Not every child of a priest or former priest has had such a hard time dealing with their father's previous life. Basile and Raphaëlle de Truchis, both in their late 20s, talk about it very freely.

"I remember very well when our parents told us over dinner that Dad was a priest before being married," Raphaëlle recalled. "We asked a lot of questions, but I do not remember it being difficult for us. We went to church, catechism, our parents have always been involved in parish activities."

The family lived in a suburb of Paris where the neighbors' opinions, if they had any, did not really matter.

Pope Francis has spoken clearly about the responsibility of priests who have children.

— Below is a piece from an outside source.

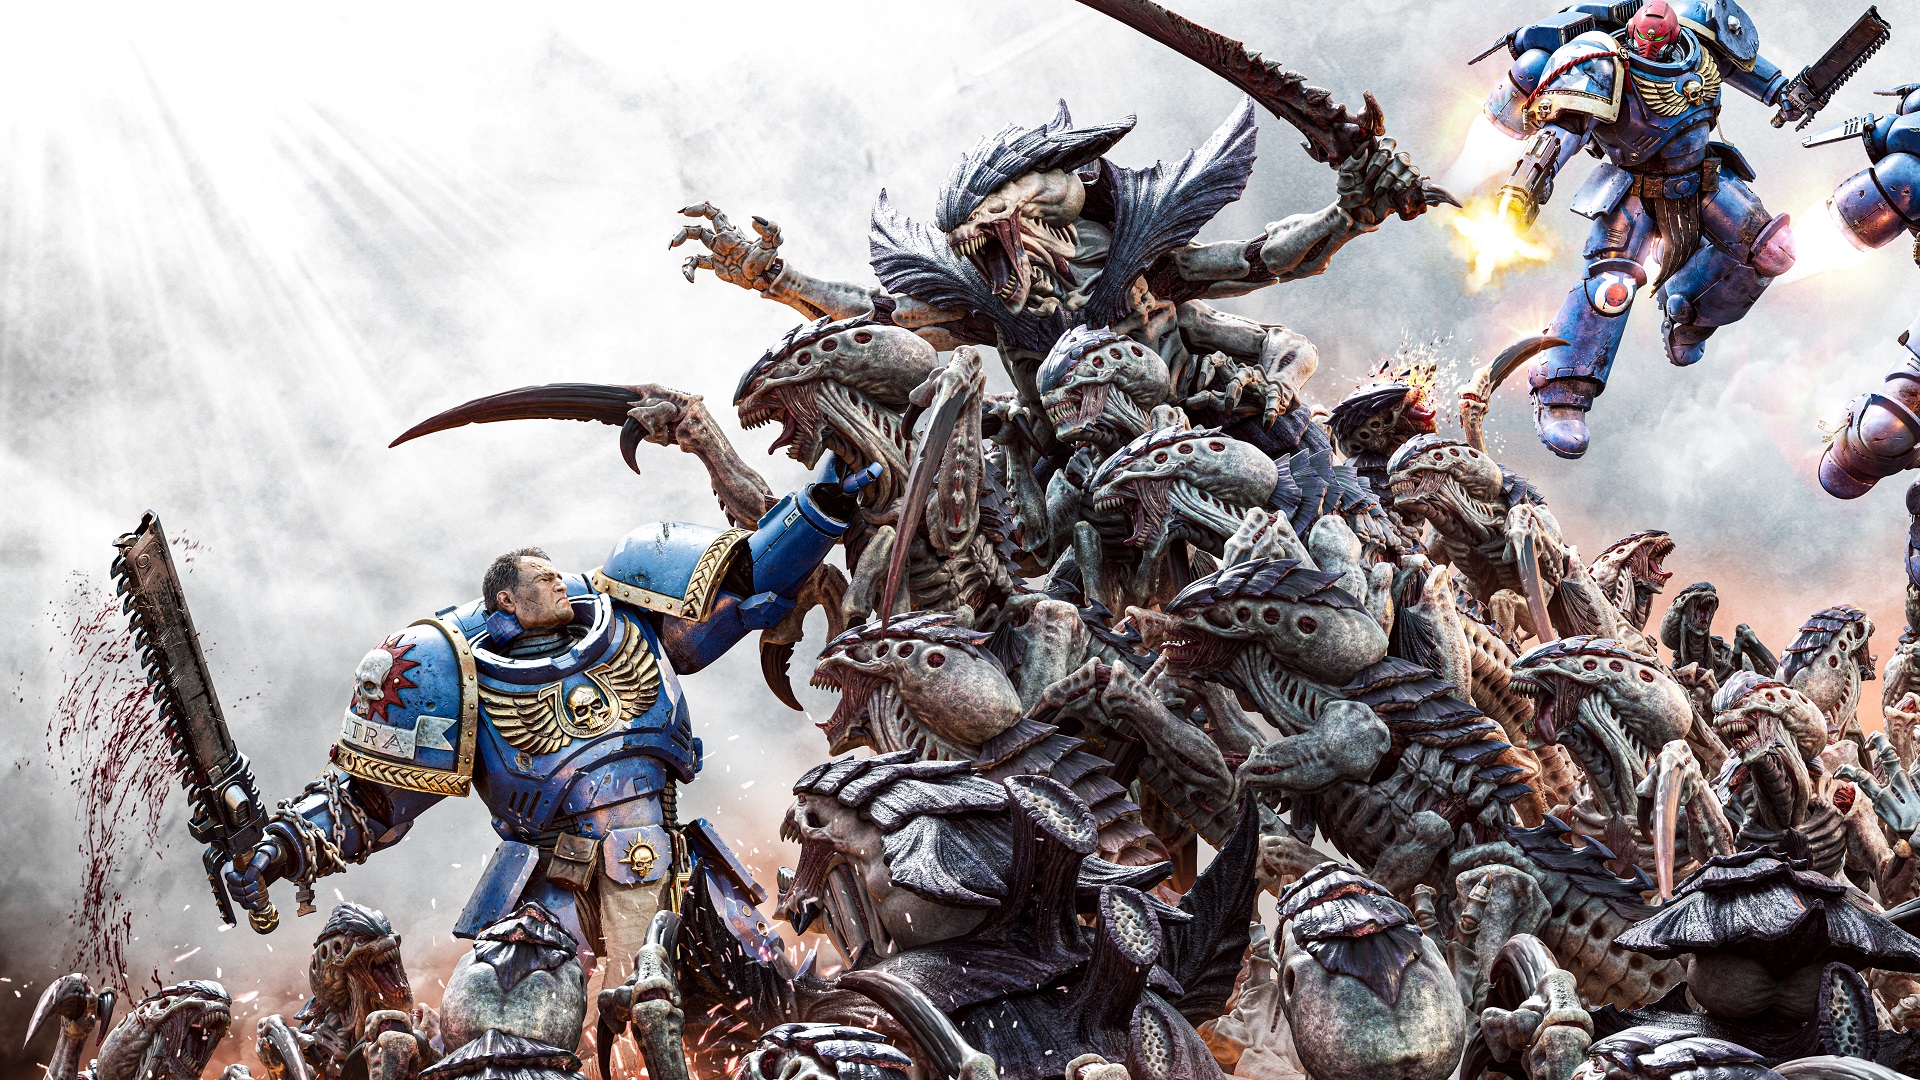 Warhammer 40k Space Marine 2 release date, story, trailers, and more

"When a priest fathers a child, his first duty is towards this child. He has a duty to leave the ministry and take care of his child, even if he decides not to marry the woman. Because that child has as much right to a father who is physically present as it does to a mother," he wrote in his book On Heaven and Earth, published while he was archbishop of Buenos Aires, Argentina.

"We do not always know of children of priests," said Bishop Guy Thomazeau, former head of the Montpellier Archdiocese in Southern France and former president of the French bishops' commission for family affairs. "We do provide financial support for these children when we can. But often, the family wants to keep the secret about the father's past, or prefers to move to another diocese."

Breaking the law of silence is at the core of the question: "It's about time the Catholic Church made a distinction between an apostolic life and celibacy," argues former priest Michel de Truchis.

The Catholic Church has frowned upon priests marrying for centuries, stating so at the Council of Elvira at the beginning of the fourth century. But it wasn't until the Gregorian Reform in the 11th century that the church forbade it entirely, for fear of seeing financial resources drained by families of priests. This was not the only reason, though, explained Alain Cabantous, former modern history professor at University of Paris-I, Panthéon-Sorbonne.

"The aim of the Gregorian Reform was mainly to stress the importance of the status of the priest," he said. "He was not an ordinary man. He was someone special, belonging to a sacred sphere."

[Elisabeth Auvillain is a freelance journalist based in Paris.]

A version of this story appeared in the July 12-25, 2019 print issue under the headline: French priests' children get answers.